"I don’t know that psychotherapy in its many schools would think of its goal as the liberation of love from a heart twisted in on itself by suffering. But I have found, in my self-work, and now for many years in my work with others, that as suffering retreats love enters; as self-pain diminishes, care and concern for others ripens. Maybe it is as natural to love as for a cherry seed to ripen into a cherry ... I once read about a seed that had been wrapped away for thousands of years in an Egyptian mummy. Unearthed, brought into the light and planted, it shot out its roots, sent forth its branches, unfurled its leaves. I can’t remember the name of the plant it became but perhaps, whatever it was, it will help us in our work to imagine that love is like that, a mighty seed, often hidden away and hard to reach, but ready to thrive given the right conditions."

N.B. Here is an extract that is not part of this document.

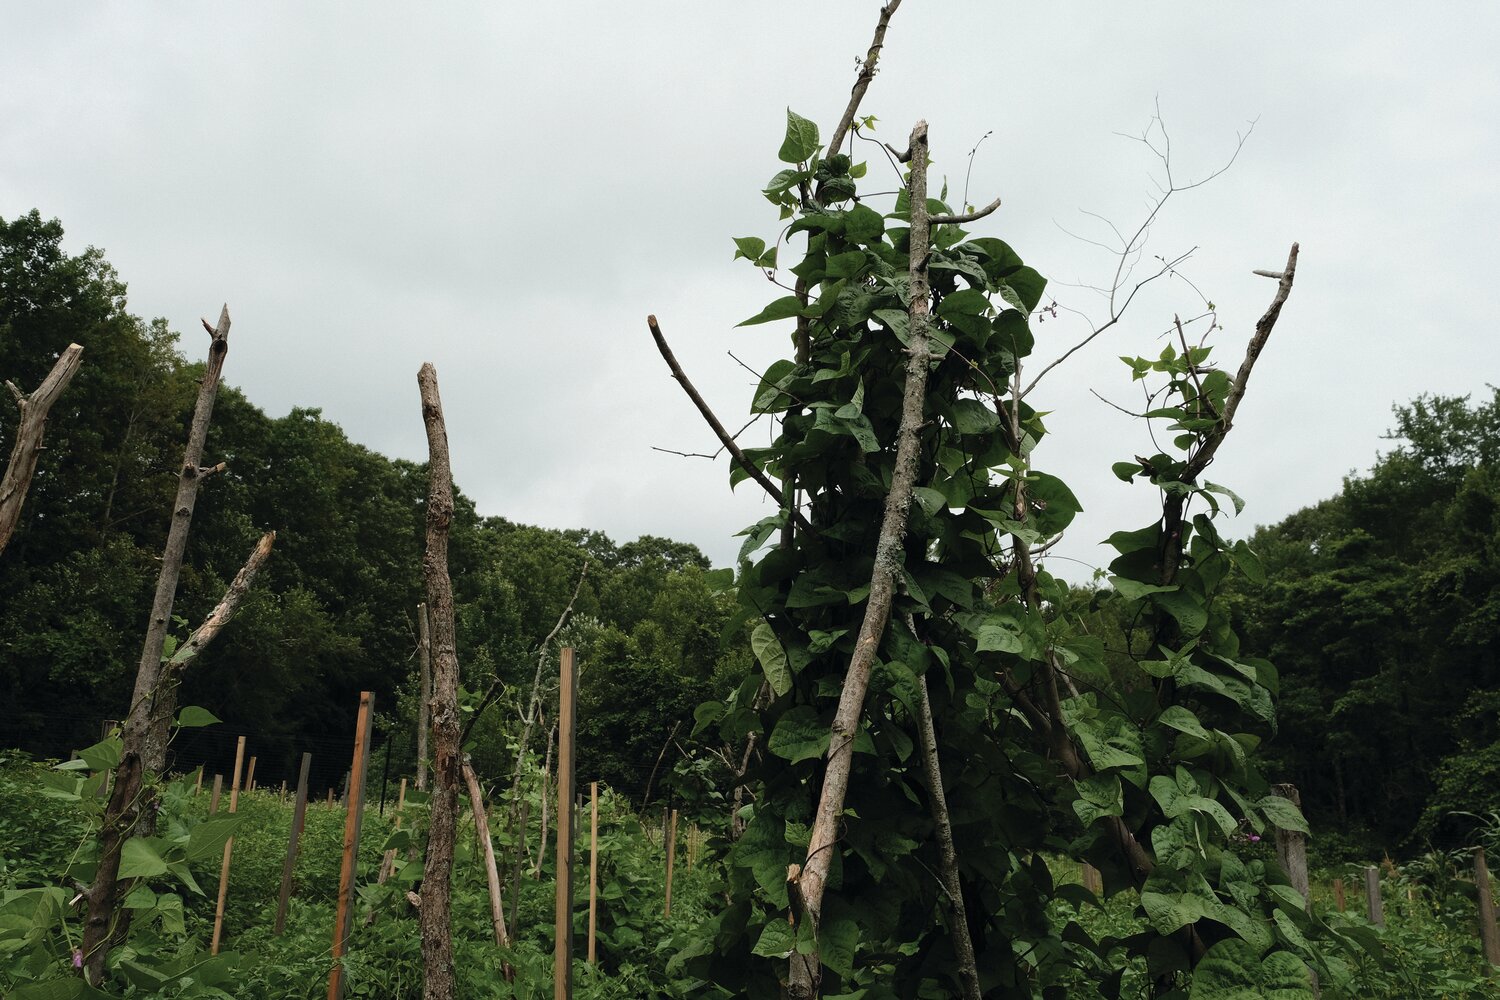 HIGH STAKES: Bean stalks are propped up with stakes and cut branches. Beans and low-plants like squash are often planted together at the farm, and have a symbiotic relationship.

Following on my recent acolyte-like experience with Dan Siegel, I stumble - unwittingly - across thoughts, ideas, opinions, expressions which return me to his work, which is, after all, human work, I like to think; it's not like it's branded-Dan-Siegel. When Siegel asserts that the "emotional" brain (love, affiliation, connection) trumps the "thinking" brain (good grades, memorization, historical events, trigonometry formulas) with respect to promoting overall health and well-being, I am reminded of a piece of information I retained verbatim from my Adlerian training program: Emotions motivate people to action. Not thoughts. Not behaviors (which catalyze other behaviors). No. We act (do, behave, speak, think) because of what we feel.
And the time continuum connects these two strands linearly to Kim Chernin's quote prefacing this post, pilfered from her blog earlier today about the alchemy of suffering (trauma), the human heart (feelings), and psychotherapy. Aside from my in-love-ness with "the liberation of love from a heart twisted in on itself by suffering," she makes the connection very explicit: 1. We are born (to love and connect); 2. We suffer (because our selves have been hurt, physically and/or emotionally); 3. Because we suffer, we (retreat and) cannot love (our selves or others); 4. We (re)connect (with a therapist; a guide; a mentor; a true friend) deeply, trustingly, heartfelt; 5. Suffering retreats; 6. The heart opens again (to ourselves and others); 6. We (can) love again, our selves and others.
Equally explicit is Siegel's connection between suffering, disconnectedness, and love, though he would likely call these existential states impaired integration, impaired relationships, and right-brain affiliation.
It's of great interest to me that scientists (albeit "soft scientists" in the social science domains) are spending a lot of resources lately on making love, affection, human contact and warmth, belonging, affiliation, feelings the focus of their musings and research. And they go forth in the public space and unabashedly cry, "Love victorious!" This reminds me of a favorite writer, George Vaillant, who said, "Why should the emphasis of AA on positive emotions work as well as or better than the exploration of negative emotions in which I engaged as a psychotherapist?"
While I take issue with the value valence of "positive" and "negative" emotions - both human, valuable, and inextricable from the totality of our lived experience - social science research is, lately and insistently and almost unanimously, making us recognize that love and affiliation, human connection, care, concern, pathos, deep feeling, empathy, warmth, touch, instinctive alignment with another, are the sine qua non building blocks of health and healing.
Lest mental health professionals decry these affirmations, challenging the recent temporality I'm assigning to this research with the fact that attachment and relational theorists have studied and published about this since the early 20th century, let me join you and say, "You are right. This is somewhat not new. And moreover, new brain research, translatable to 'bedside' therapist blogs, shows that even microscopic molecules proclaim love to be victorious. In the end."